With up to 12 inches of snow expected to fall in the area’s highest elevations, some travelers decided to get a jump on travel on Monday.
“Oh yeah, we don’t want to be on the roads when the weather hits,” driver Julie Eagen told NBC affiliate KGW in Portland . “It can be scary.”
Heavy snow was also expected to fall on Minnesota starting Tuesday night and continue through Wednesday afternoon. Between 5 inches and 10 inches of snow was forecast for the Twin Cities, NBC affiliate KARE reported.

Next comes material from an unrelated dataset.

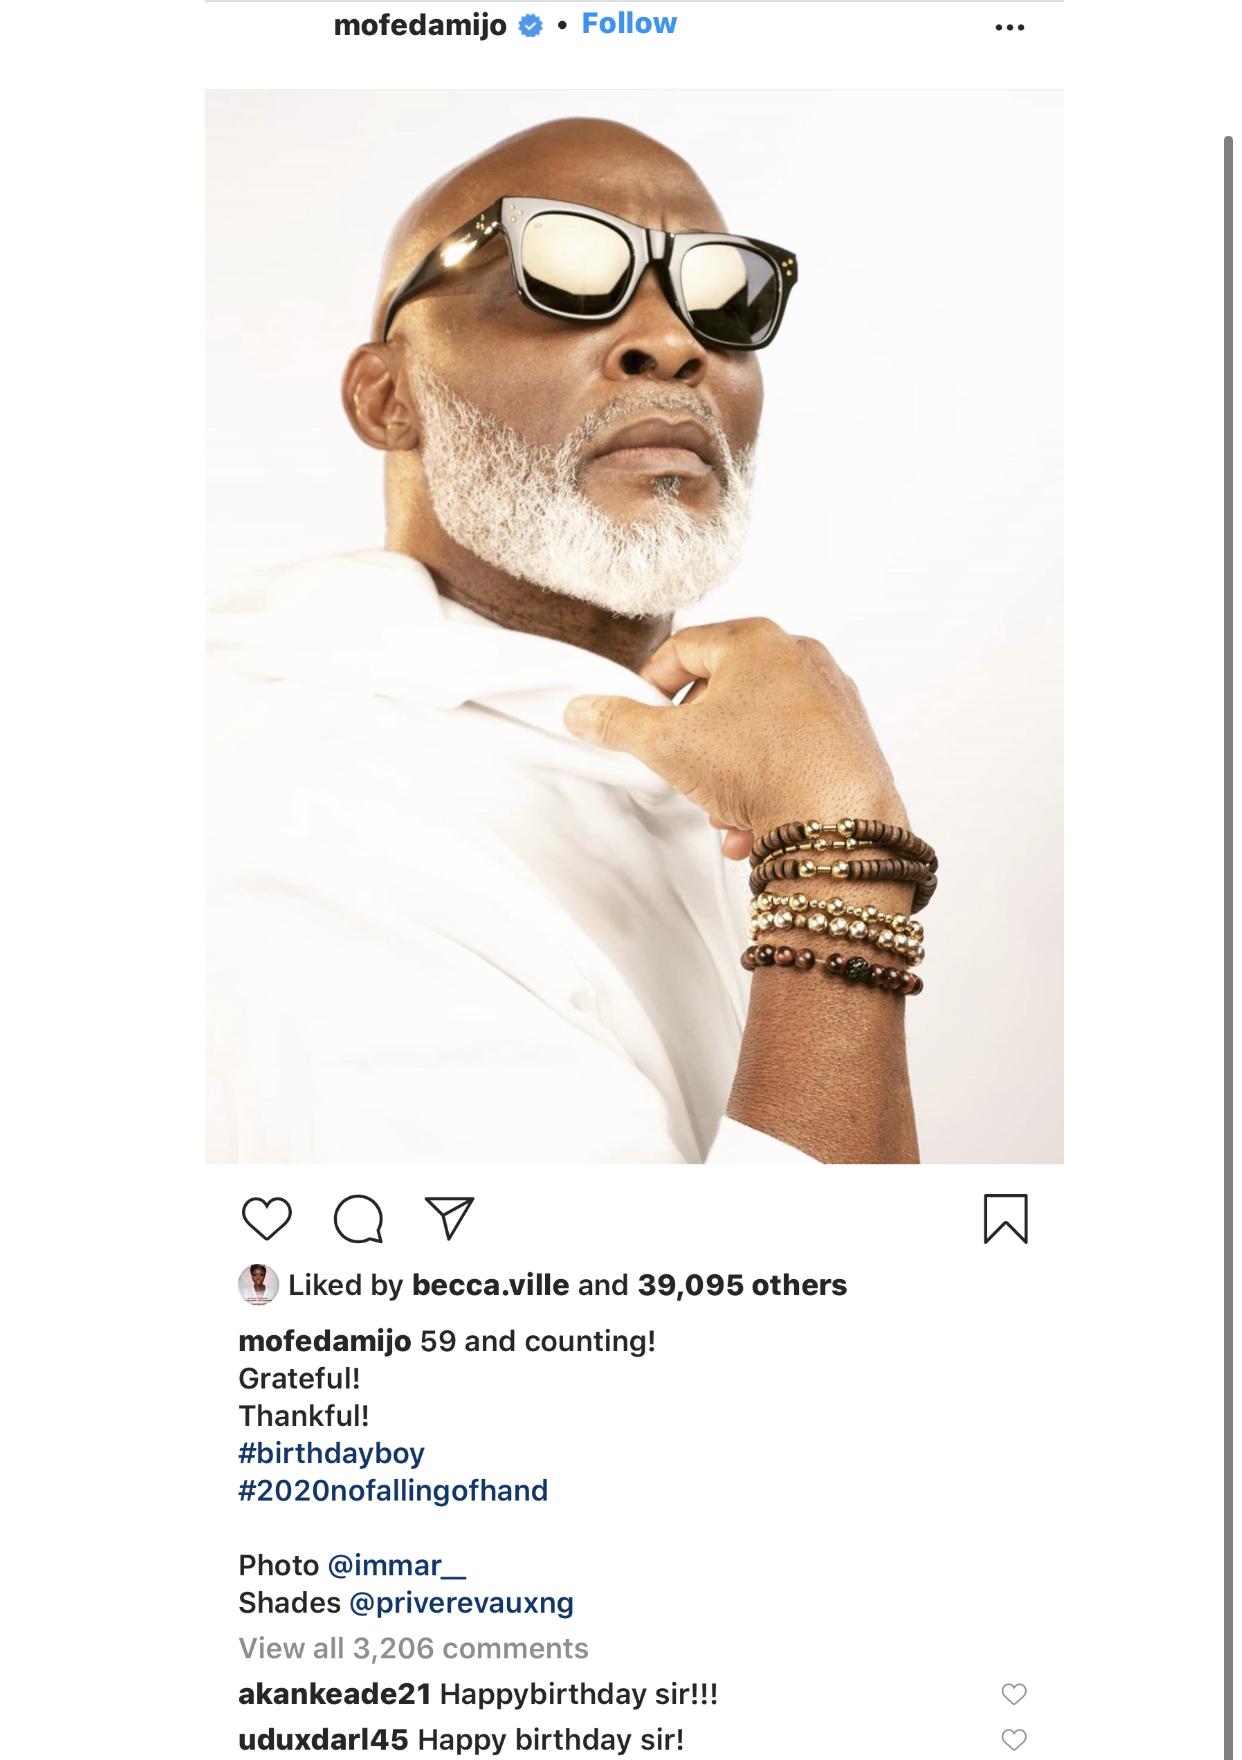 The actor's birthday post

But if the bulk of the snow falls in late-night and early-morning hours — when few flights are scheduled at the Minneapolis-St. Paul International Airport — plows might be able to efficiently clear runways and keep cancellations and delays to a minimum.
“It’s much better than snow falling in the middle of the day,” airport spokesman John Welbes said Tuesday. “So far our boards haven’t lit up (with cancellations).”

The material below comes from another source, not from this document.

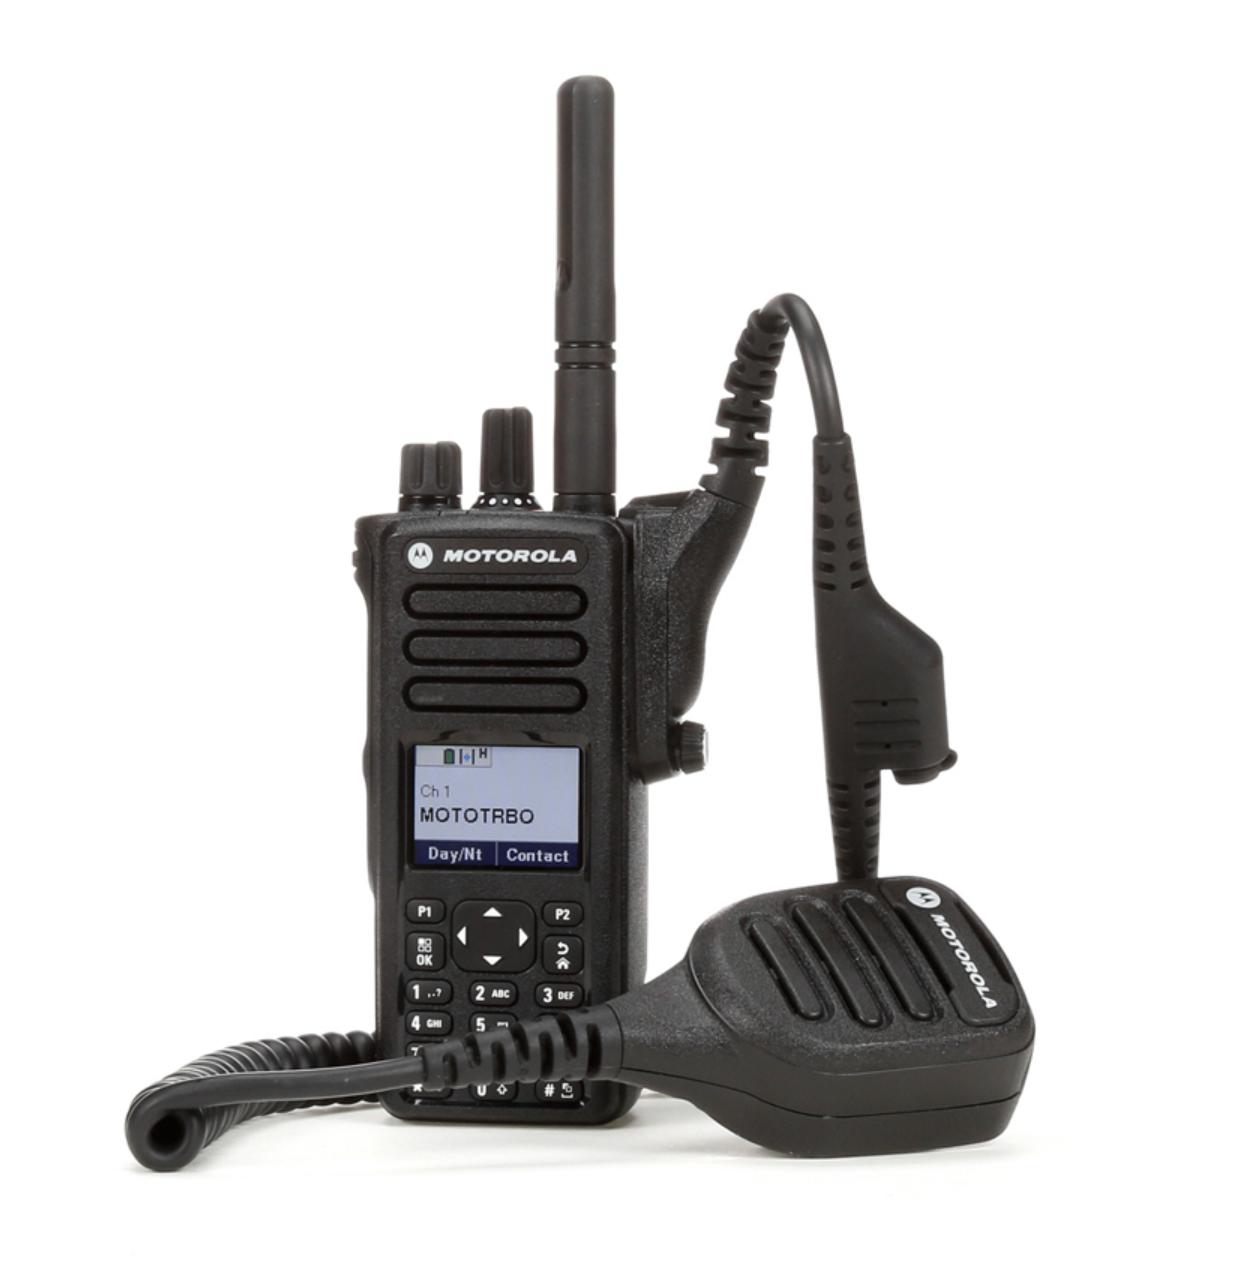 Motorola Xpr-7550 Portable Walkie Talkie With Gps Dmr Ip Connect Military  Standard - Buy Walkie Talkie With Bluetooth Headset,Walkie Talkie

Even balloons at the iconic Macy’s Thanksgiving Day Parade could be grounded due to winds forecast for New York later this week.
Forecasters said sustained winds of between 20 mph and 25 mph, with gusts between 46 mph and 50 mph, could come to New York City on Thursday morning.

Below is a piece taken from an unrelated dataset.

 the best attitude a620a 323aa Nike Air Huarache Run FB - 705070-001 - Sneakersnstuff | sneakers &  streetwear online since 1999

Sustained winds of at least 23 mph and gusts of 34 mph would ground balloons, according to Susan Tercero, executive producer of the parade that will be televised by NBC.
“We refer to it as a game-day decision,” Tercero said. “We get there right before the parade begins.”
“We kind of assess based on all our anemometers along the route,” she said, referring to devices that measure wind speed and direction. “Then we’ll make that determination about how high the balloons will fly and if they’ll fly.”